# Your assignment:
Reproduce word for word every line from the one containing "Eiweißreiche Lebensmittel in" to the final line of the data below; omit the pictures.

[Opening Dataset section section]

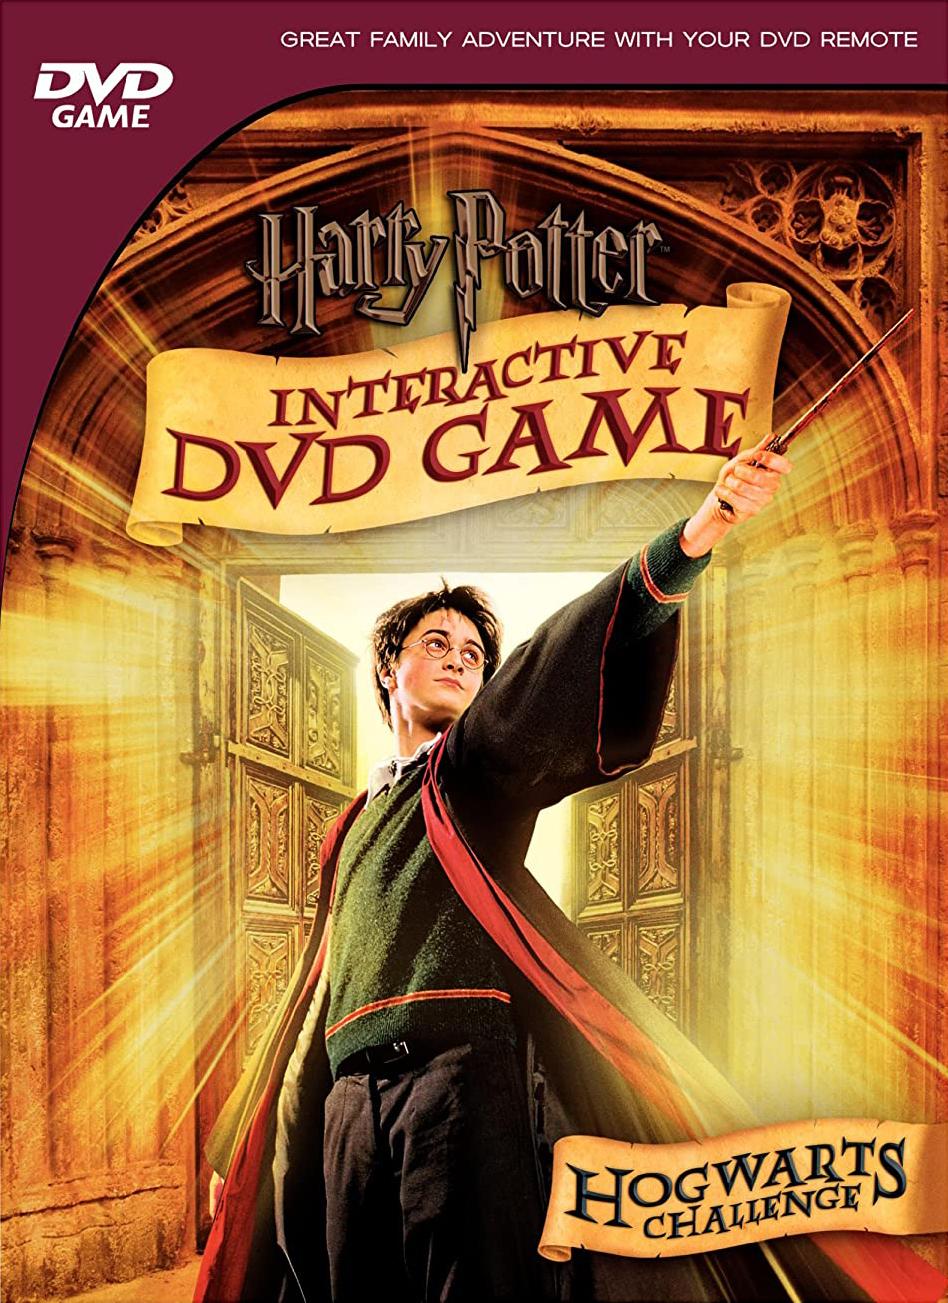 哈利·波特交互式DVD游戏:霍格沃茨的挑战
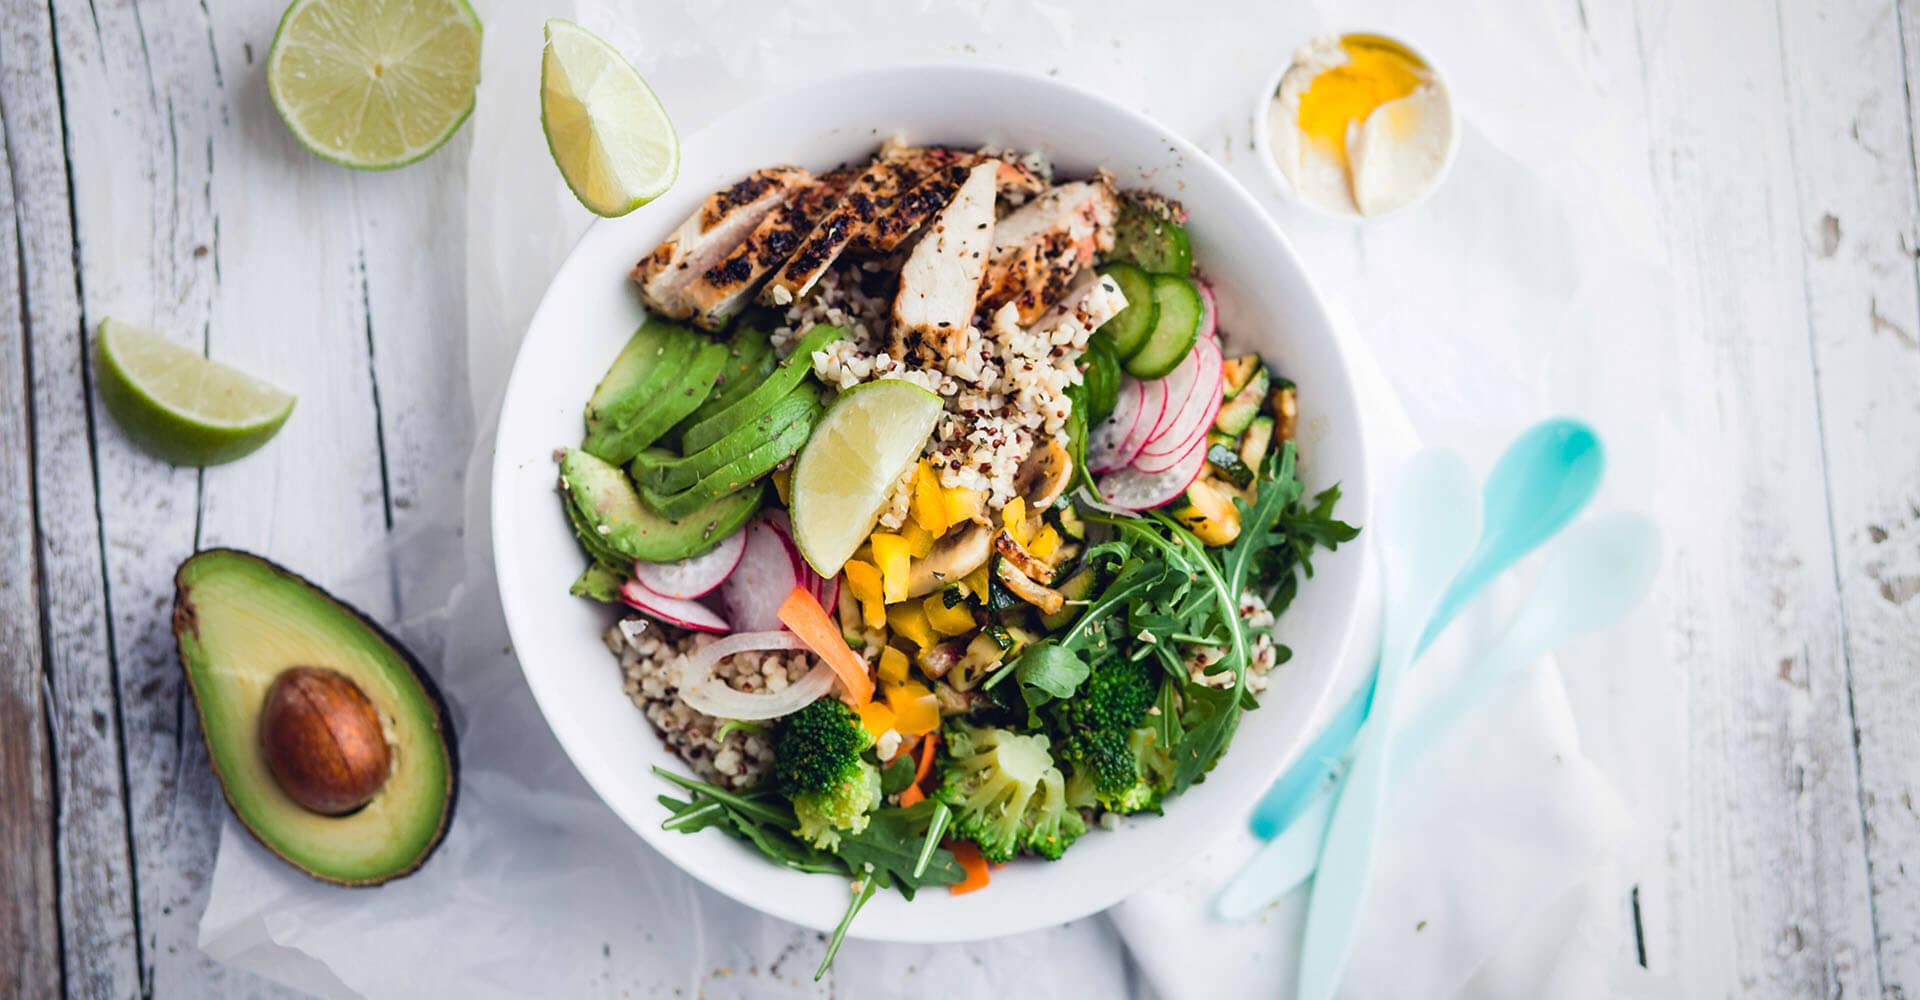 Eiweißreiche Lebensmittel in einer Schüssel zu einem Salat vermischt
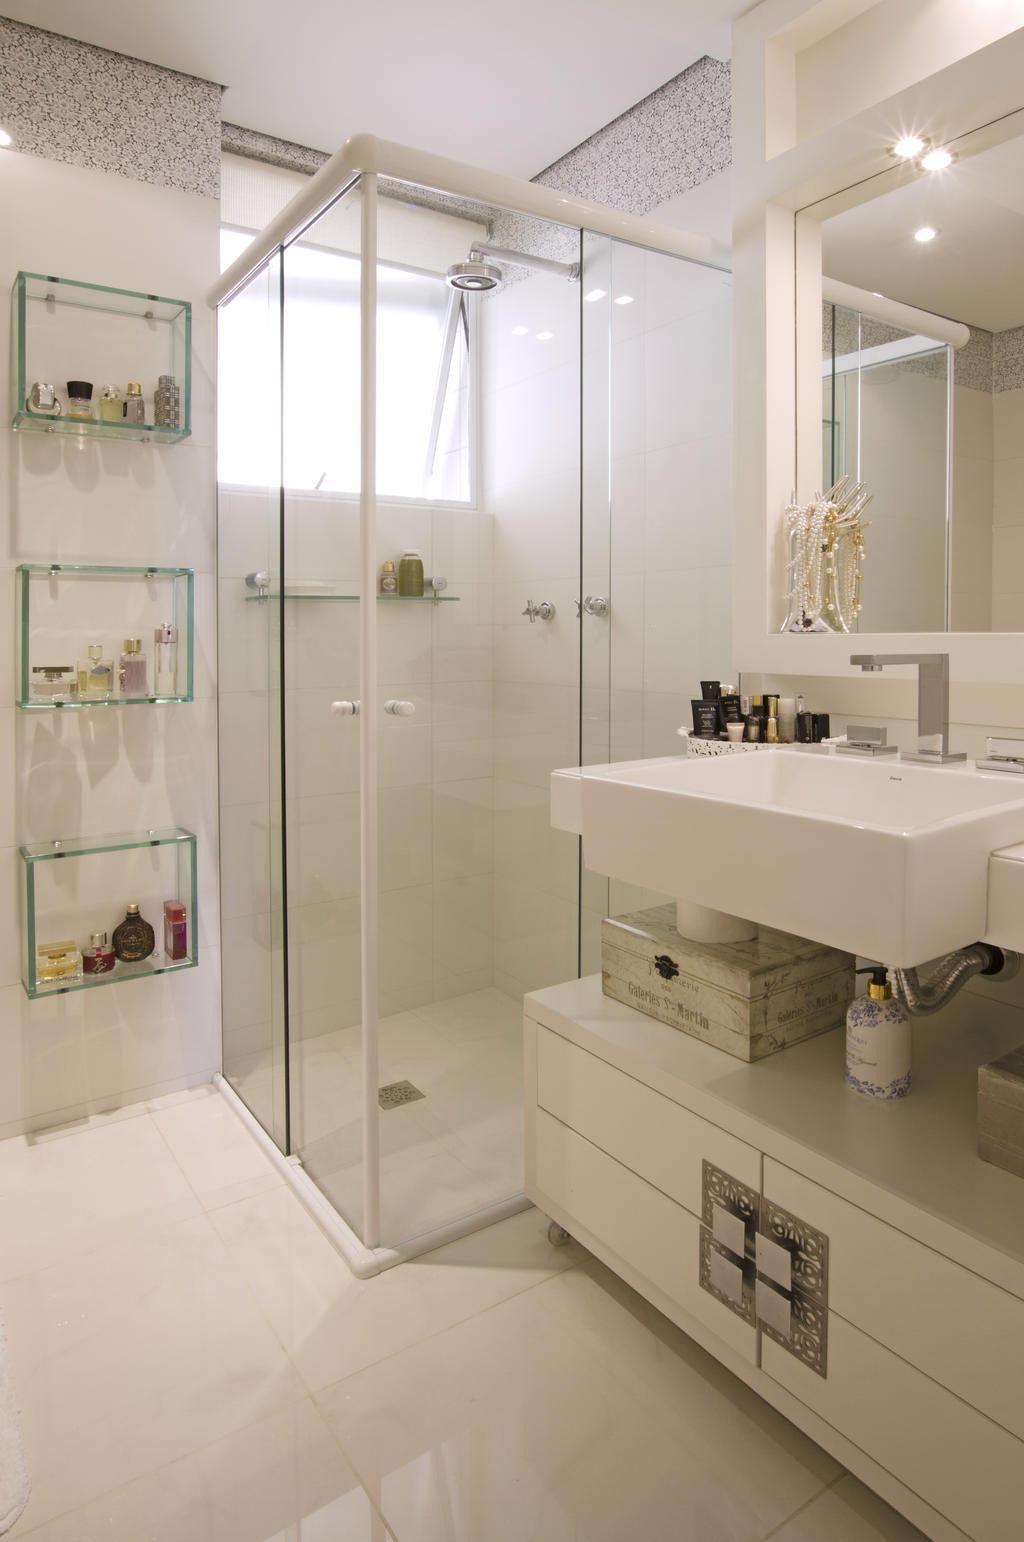 Quem tem banheiro pequeno deve investir de preferência em um box de  #957636 1024 1542
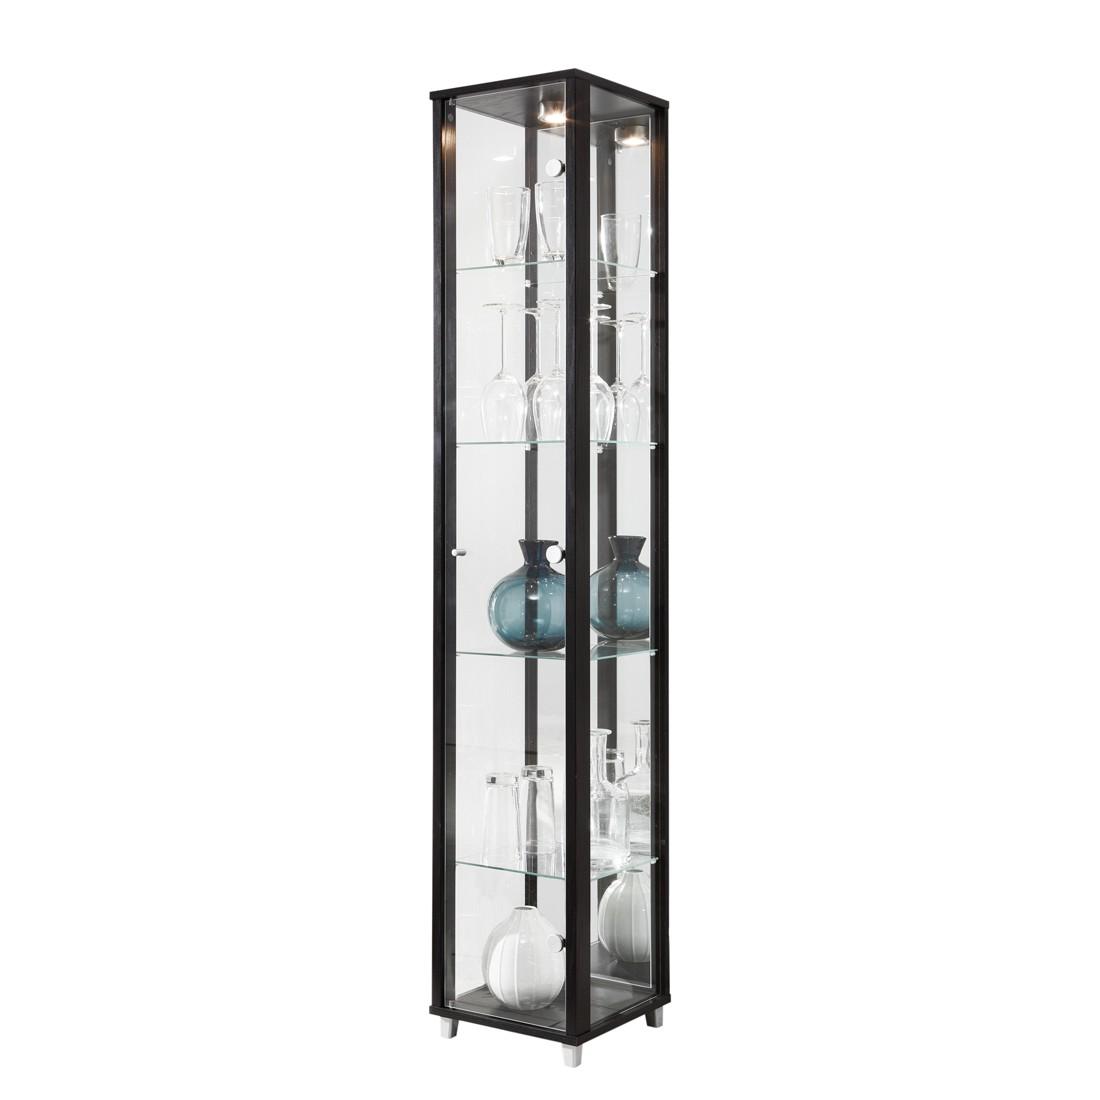 energie  B, Vitrinekast Exhibit I - met spiegelwand - transparant glas/zwart - 5 vakken - Zwart, Modoform

[Closing Dataset section section]

# Written answer:
 Eiweißreiche Lebensmittel in einer Schüssel zu einem Salat vermischt
 Quem tem banheiro pequeno deve investir de preferência em um box de  #957636 1024 1542
 energie  B, Vitrinekast Exhibit I - met spiegelwand - transparant glas/zwart - 5 vakken - Zwart, Modoform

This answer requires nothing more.